Arnold Christian, Stadler Peter F
Bioinformatics Group, Department of Computer Science, and Interdisciplinary Center for Bioinformatics, University of Leipzig, Härtelstrasse 16-18, D-04107 Leipzig, Germany.
Algorithms Mol Biol. 2010 Jun 2;5:25. doi: 10.1186/1748-7188-5-25.
The Maximal Pairing Problem (MPP) is the prototype of a class of combinatorial optimization problems that are of considerable interest in bioinformatics: Given an arbitrary phylogenetic tree T and weights omegaxy for the paths between any two pairs of leaves (x, y), what is the collection of edge-disjoint paths between pairs of leaves that maximizes the total weight? Special cases of the MPP for binary trees and equal weights have been described previously; algorithms to solve the general MPP are still missing, however.

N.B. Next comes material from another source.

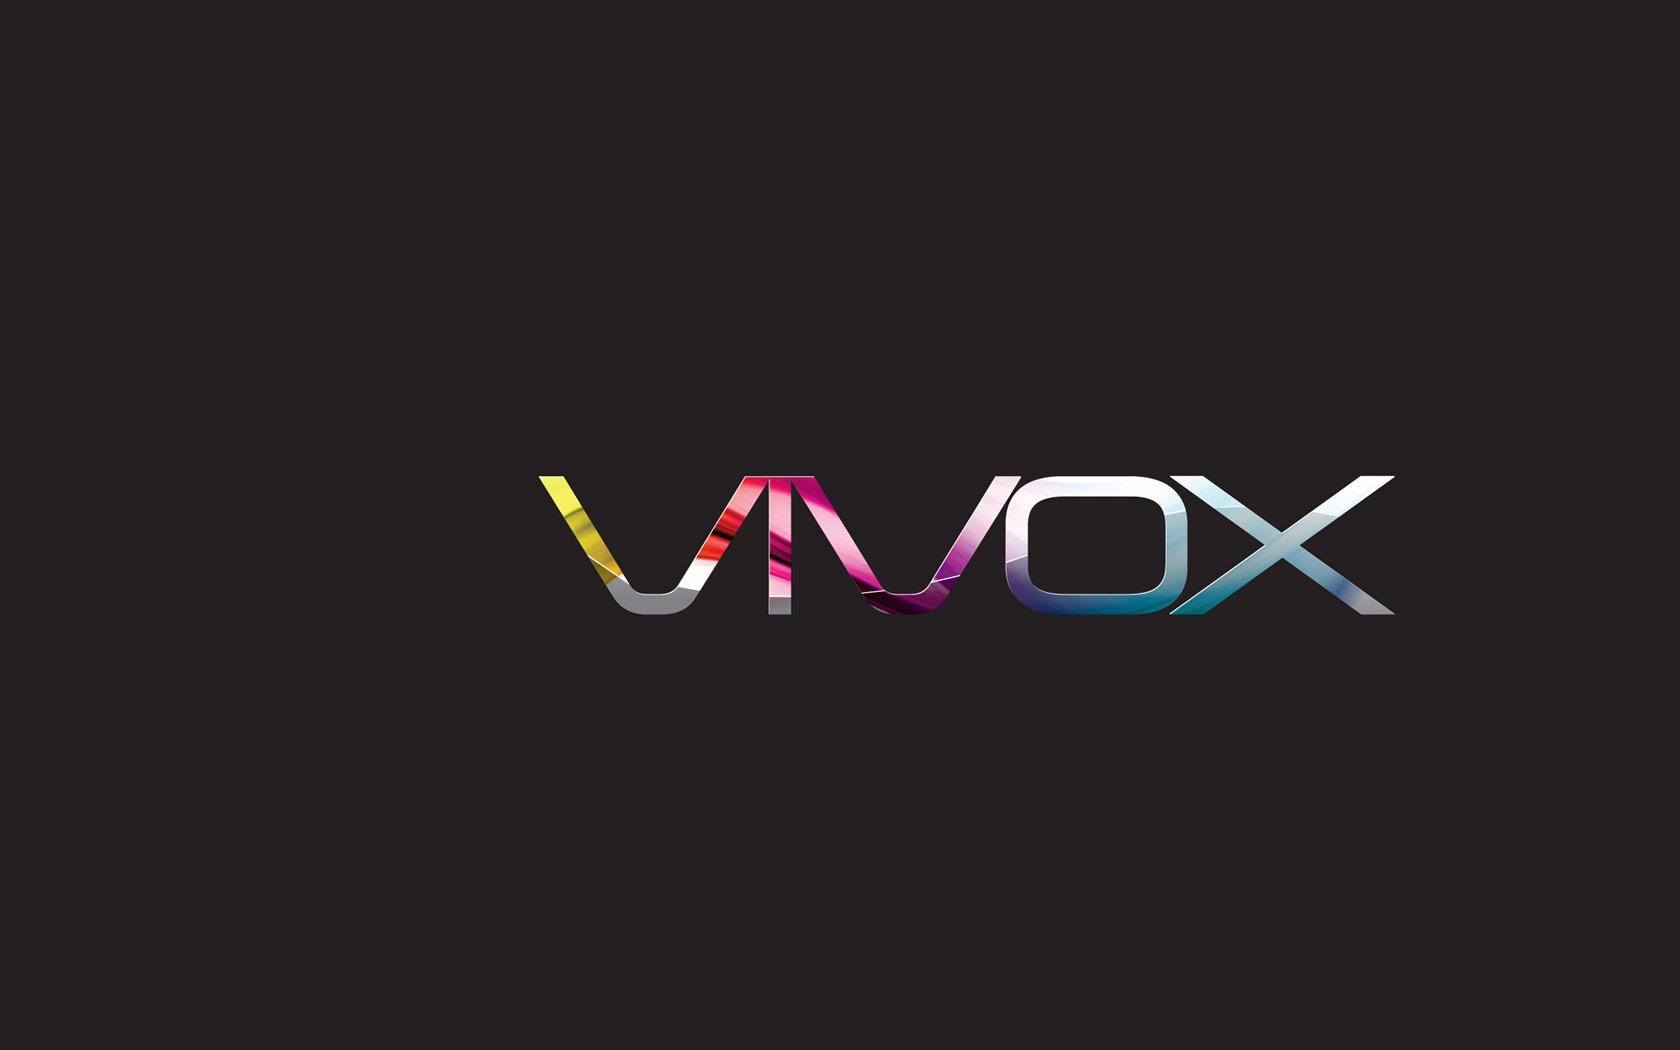 VIVOX X MAMUS

We describe a relatively simple dynamic programming algorithm for the special case of binary trees. We then show that the general case of multifurcating trees can be treated by interleaving solutions to certain auxiliary Maximum Weighted Matching problems with an extension of this dynamic programming approach, resulting in an overall polynomial-time solution of complexity (n4 log n) w.r.t. the number n of leaves. The source code of a C implementation can be obtained under the GNU Public License from http://www.bioinf.uni-leipzig.de/Software/Targeting. For binary trees, we furthermore discuss several constrained variants of the MPP as well as a partition function approach to the probabilistic version of the MPP.
The algorithms introduced here make it possible to solve the MPP also for large trees with high-degree vertices. This has practical relevance in the field of comparative phylogenetics and, for example, in the context of phylogenetic targeting, i.e., data collection with resource limitations.
最大配对问题(MPP)是一类组合优化问题的原型,在生物信息学中备受关注:给定一棵任意的系统发育树T以及任意两对叶子节点(x,y)之间路径的权重ωxy,能使总权重最大的叶子节点对之间的边不相交路径集合是什么?之前已经描述了二叉树和等权重情况下MPP的特殊情况;然而,解决一般MPP的算法仍然缺失。
我们针对二叉树的特殊情况描述了一种相对简单的动态规划算法。然后我们表明,多叉树的一般情况可以通过将某些辅助最大加权匹配问题的解决方案与这种动态规划方法的扩展交织起来处理,从而得到一个关于叶子节点数量n的复杂度为(n4 log n)的整体多项式时间解决方案。可以在GNU公共许可证下从http://www.bioinf.uni-leipzig.de/Software/Targeting获取C实现的源代码。对于二叉树,我们还讨论了MPP的几种受限变体以及MPP概率版本的配分函数方法。
这里介绍的算法使得也能够解决具有高度数顶点的大树的MPP。这在比较系统发育学领域具有实际意义,例如在系统发育靶向的背景下,即在资源有限的数据收集方面。